What to produce
Go to the line that contains "Travelcircus Quality Award 2019" in the listing below, then output it and every line after it exactly, omitting pictures.

Source material
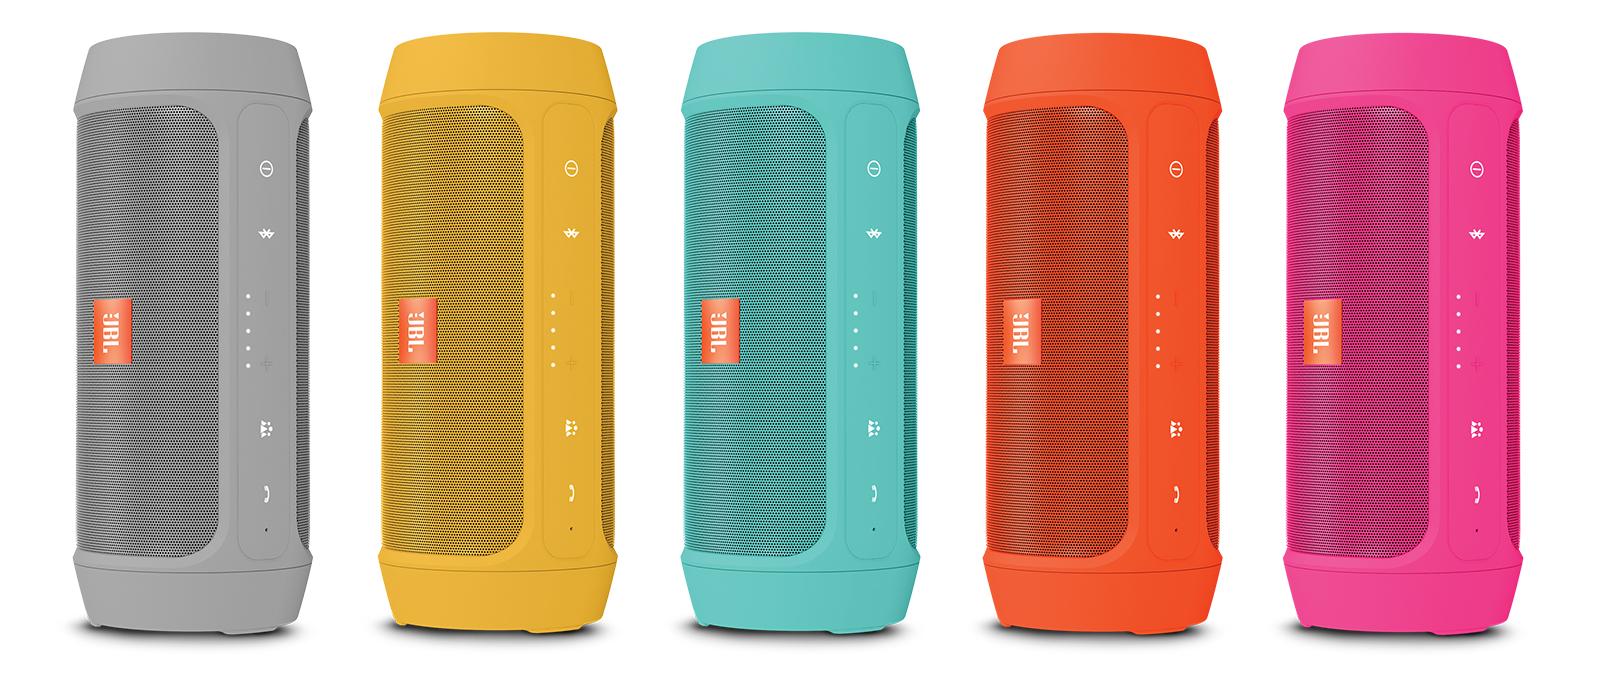 jbl-charge-2-plus-portable-speaker-colors.jpg
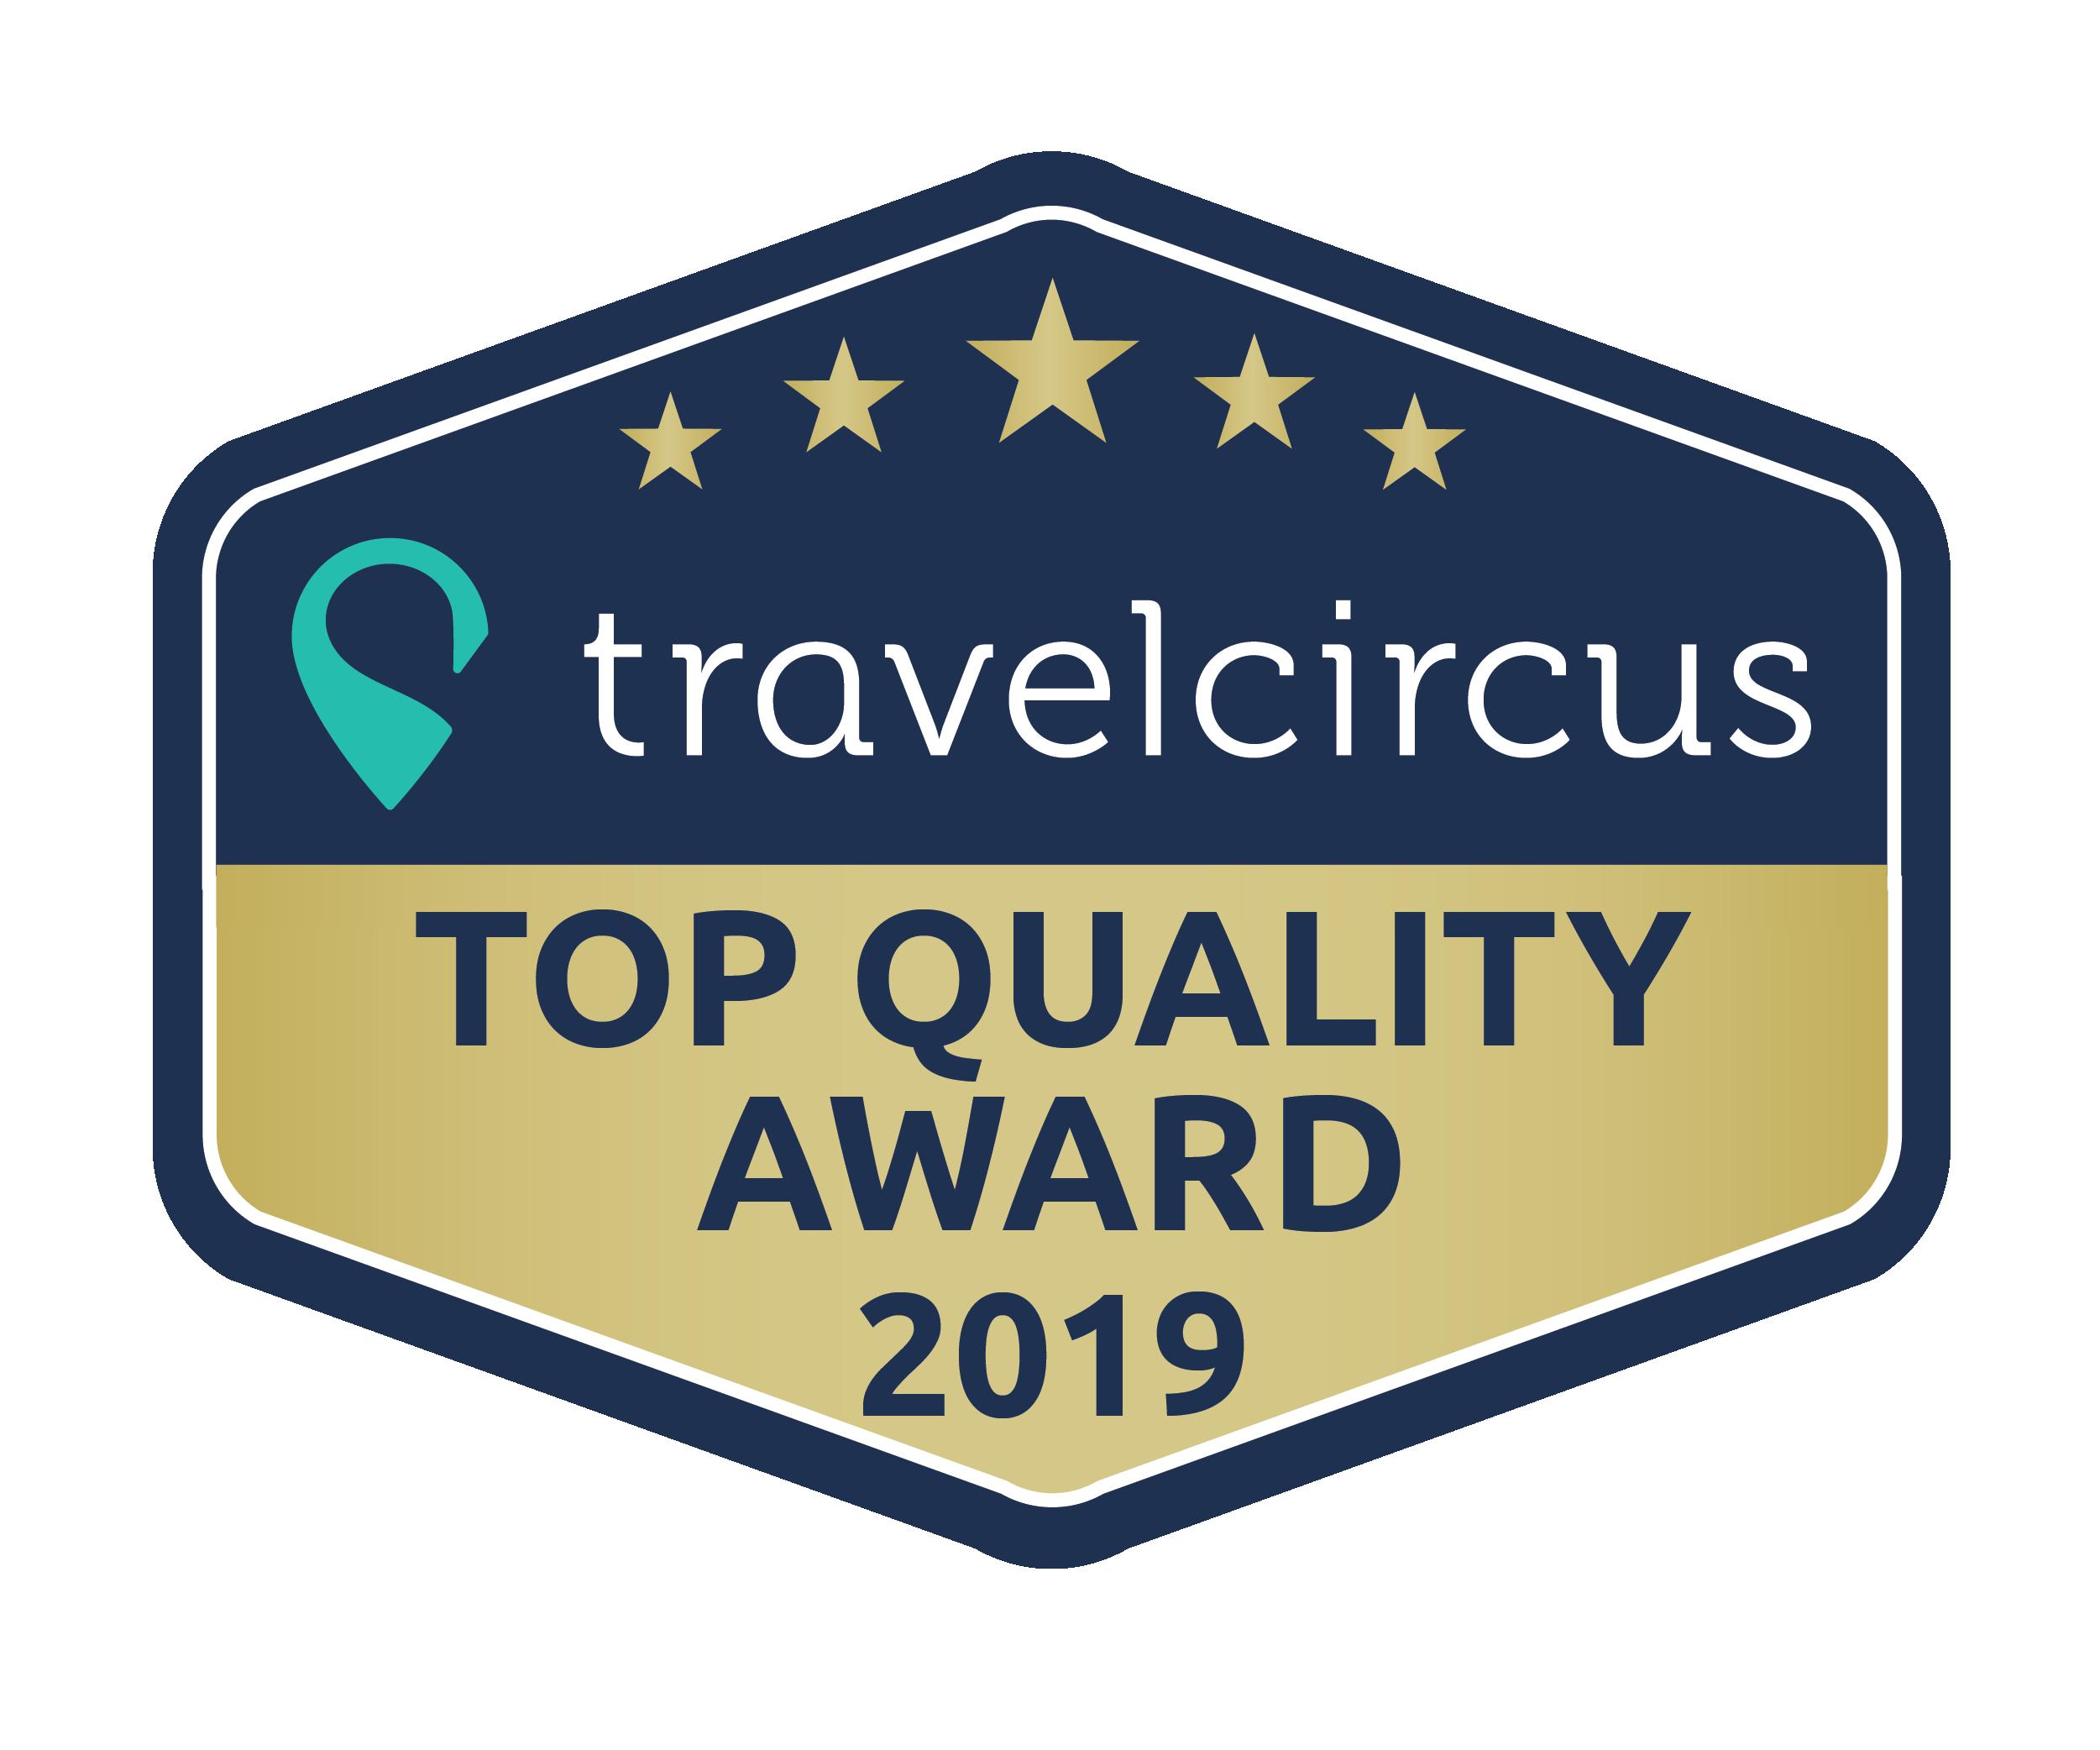 Travelcircus Quality Award 2019
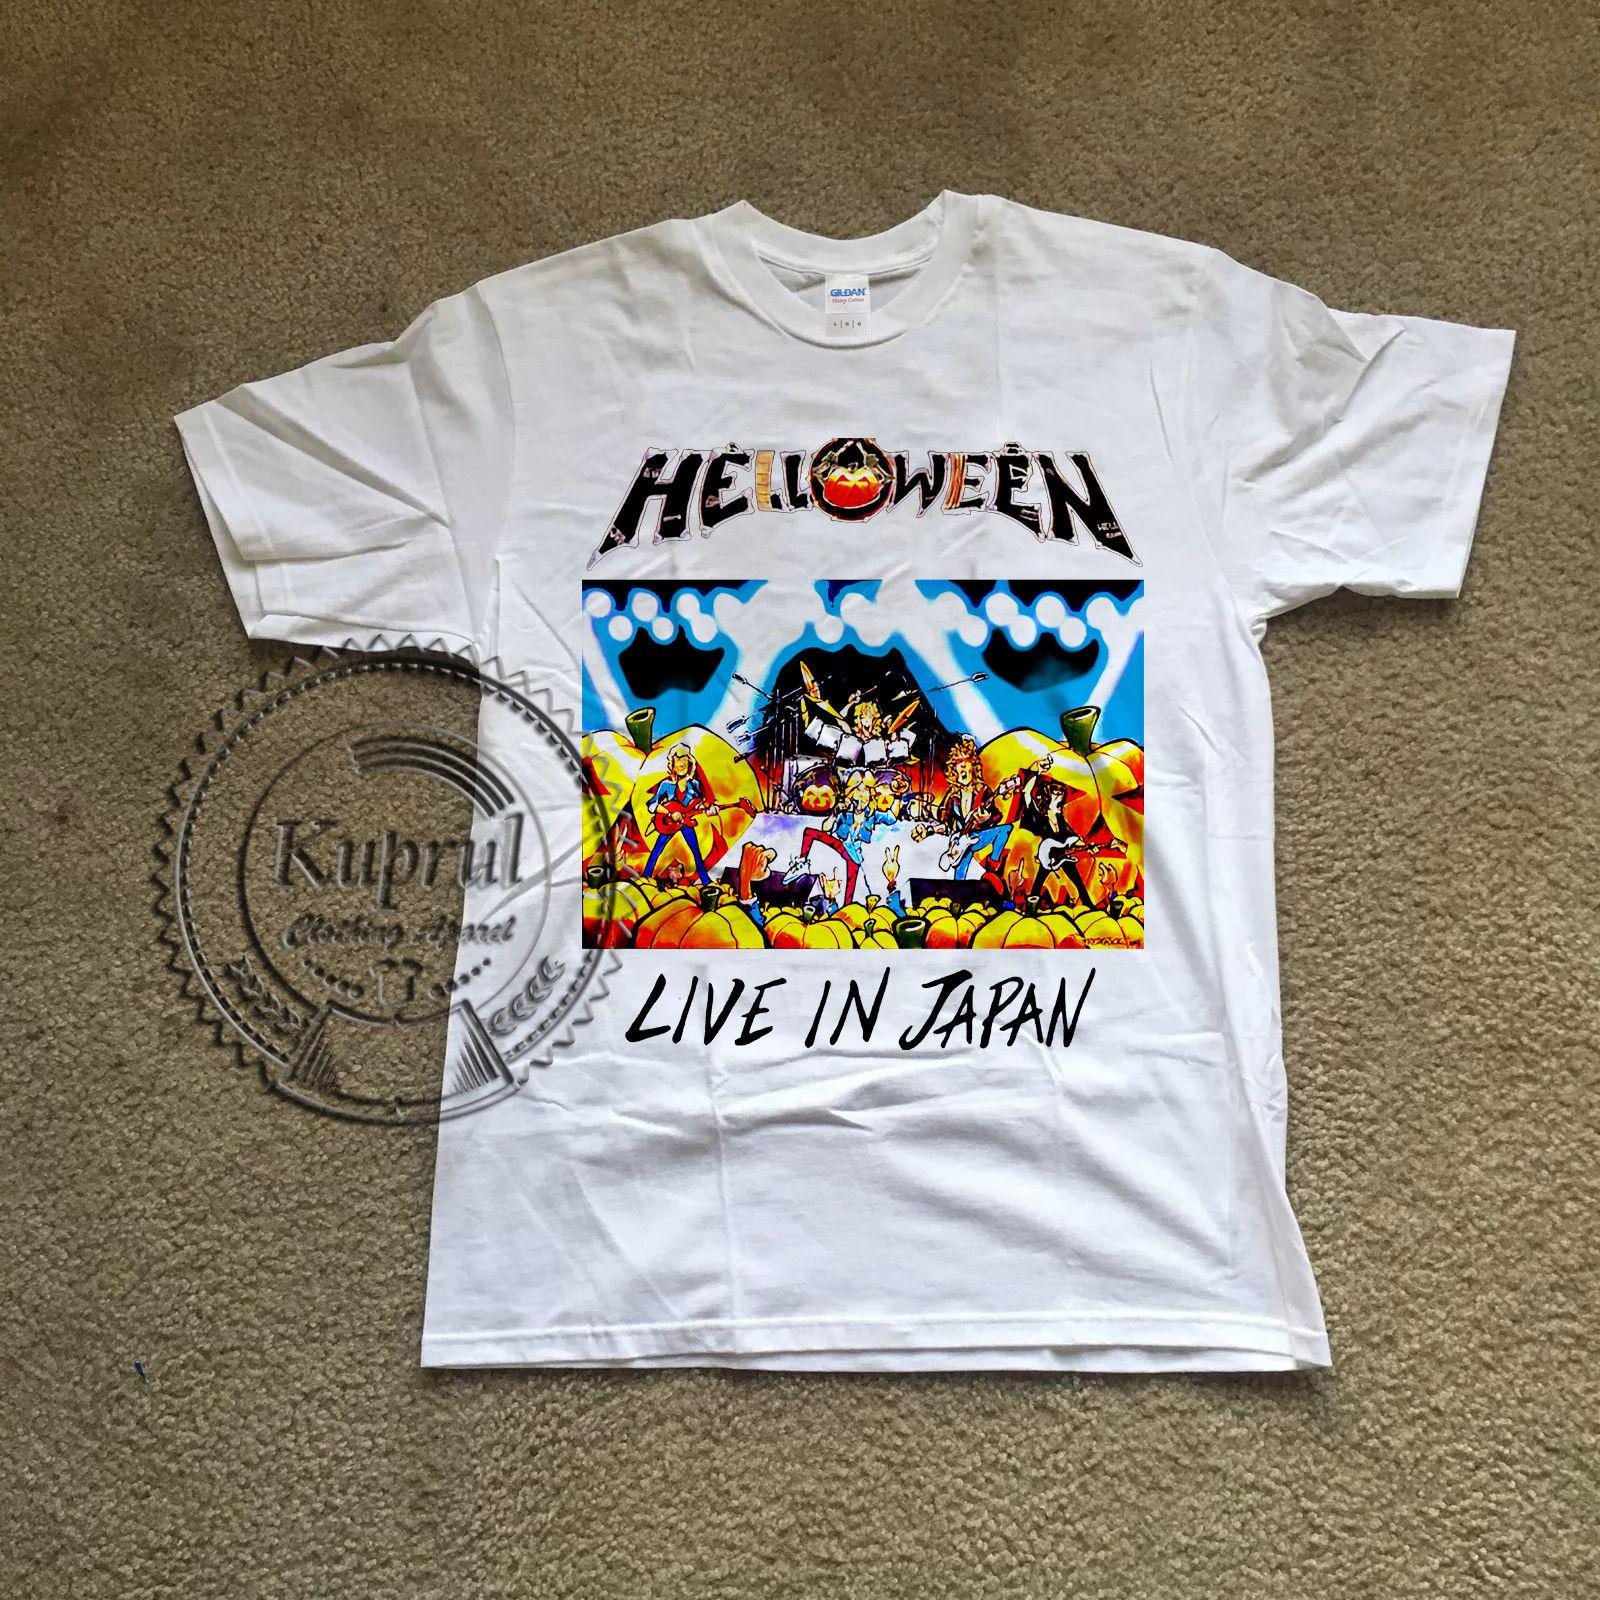 6075f8216 Vintage Helloween Shirt Live In Japan Tour 88 89 Reprint Cheap Tee,2019 Hot  Tees Fashion Style Men Tee Mens Tee Shirts Shirts And Tshirts Tee Shirts  Sale ...
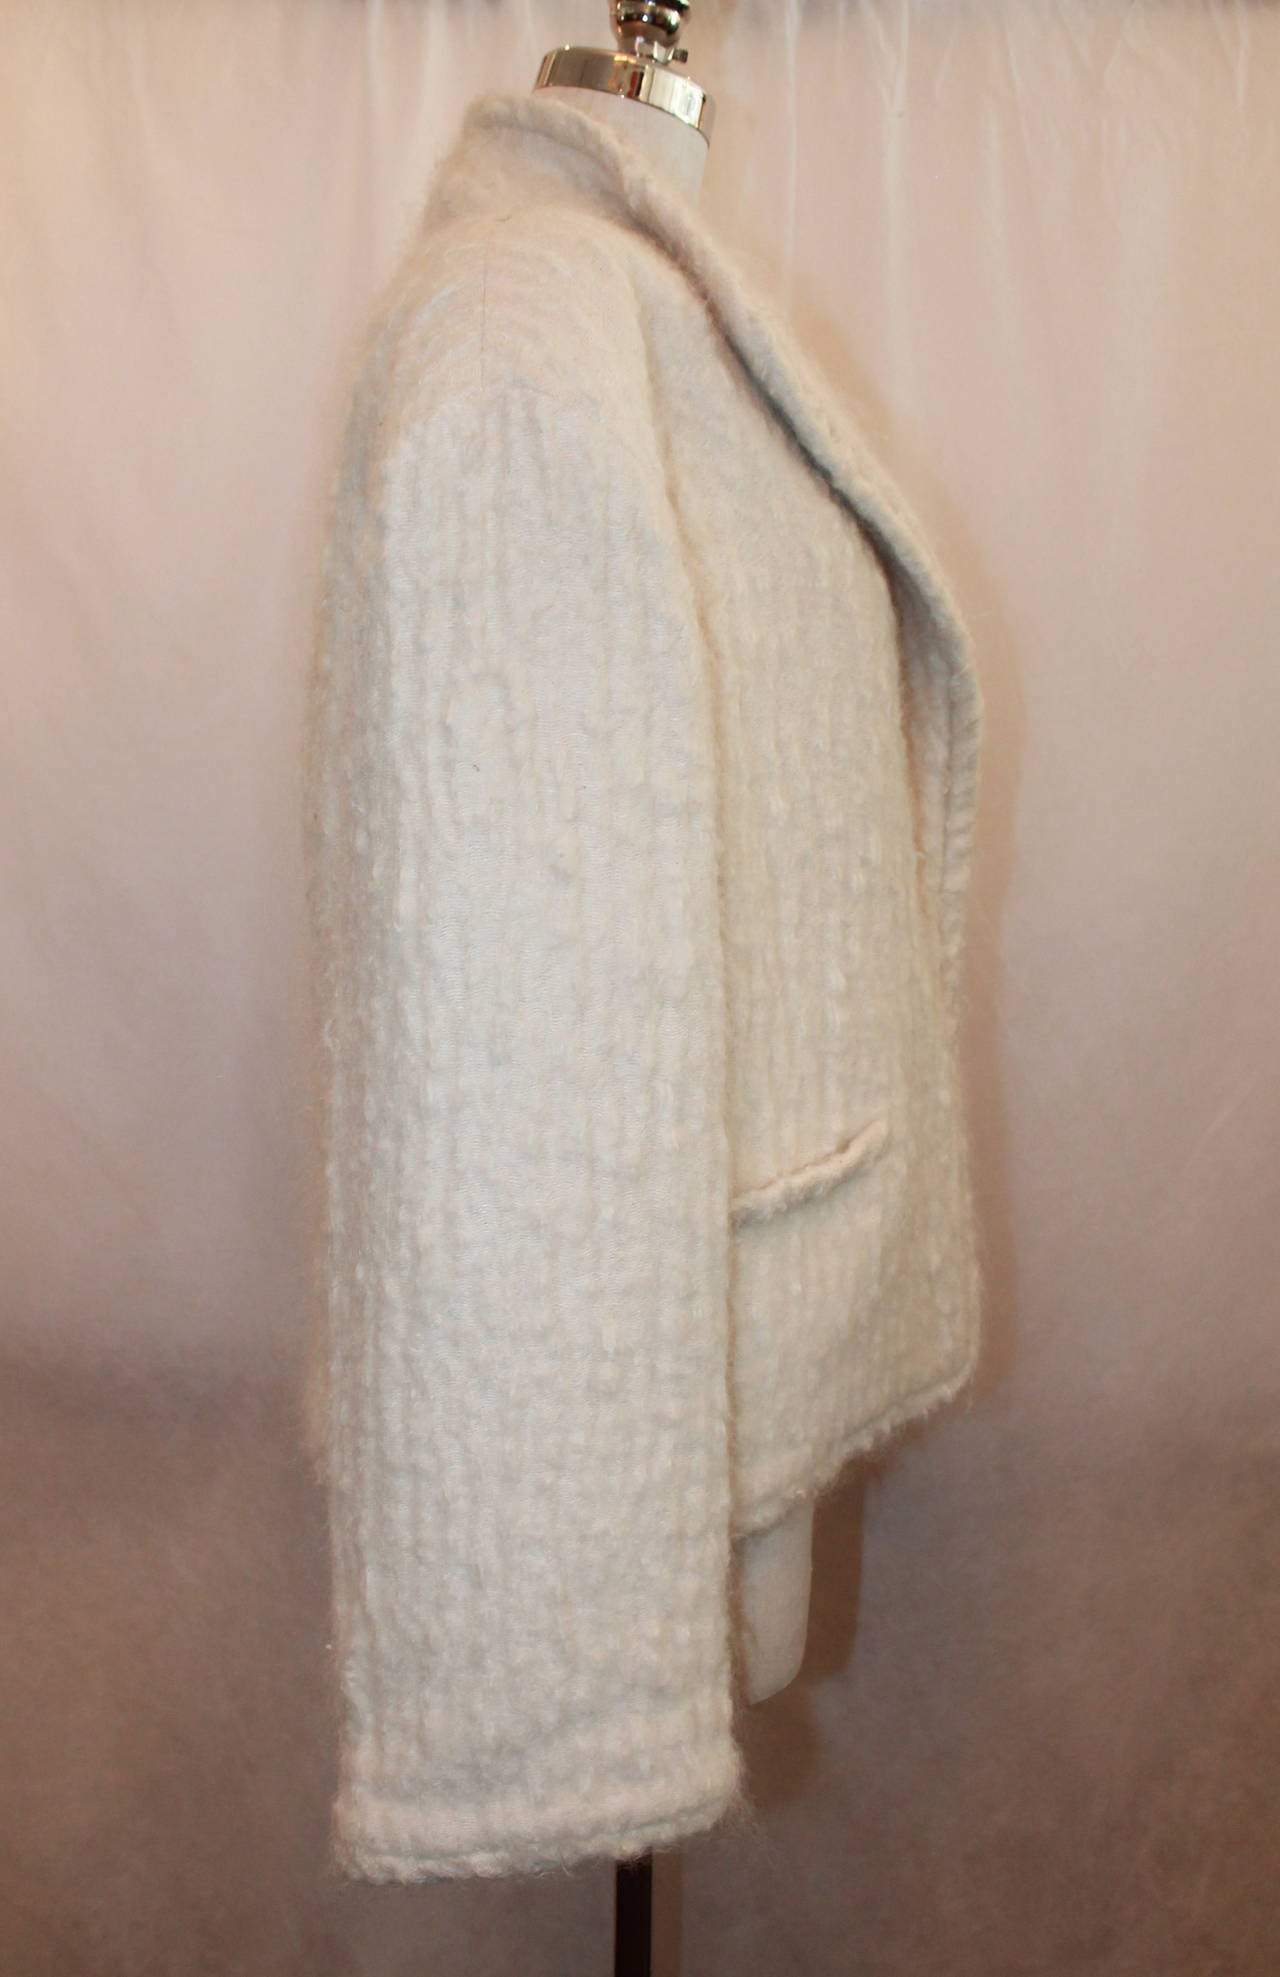 Chanel 1998 Vintage Creme Mohair & Wool Blend Jacket - 38 5

Finished task
 Travelcircus Quality Award 2019
 6075f8216 Vintage Helloween Shirt Live In Japan Tour 88 89 Reprint Cheap Tee,2019 Hot  Tees Fashion Style Men Tee Mens Tee Shirts Shirts And Tshirts Tee Shirts  Sale ...
 Chanel 1998 Vintage Creme Mohair & Wool Blend Jacket - 38 5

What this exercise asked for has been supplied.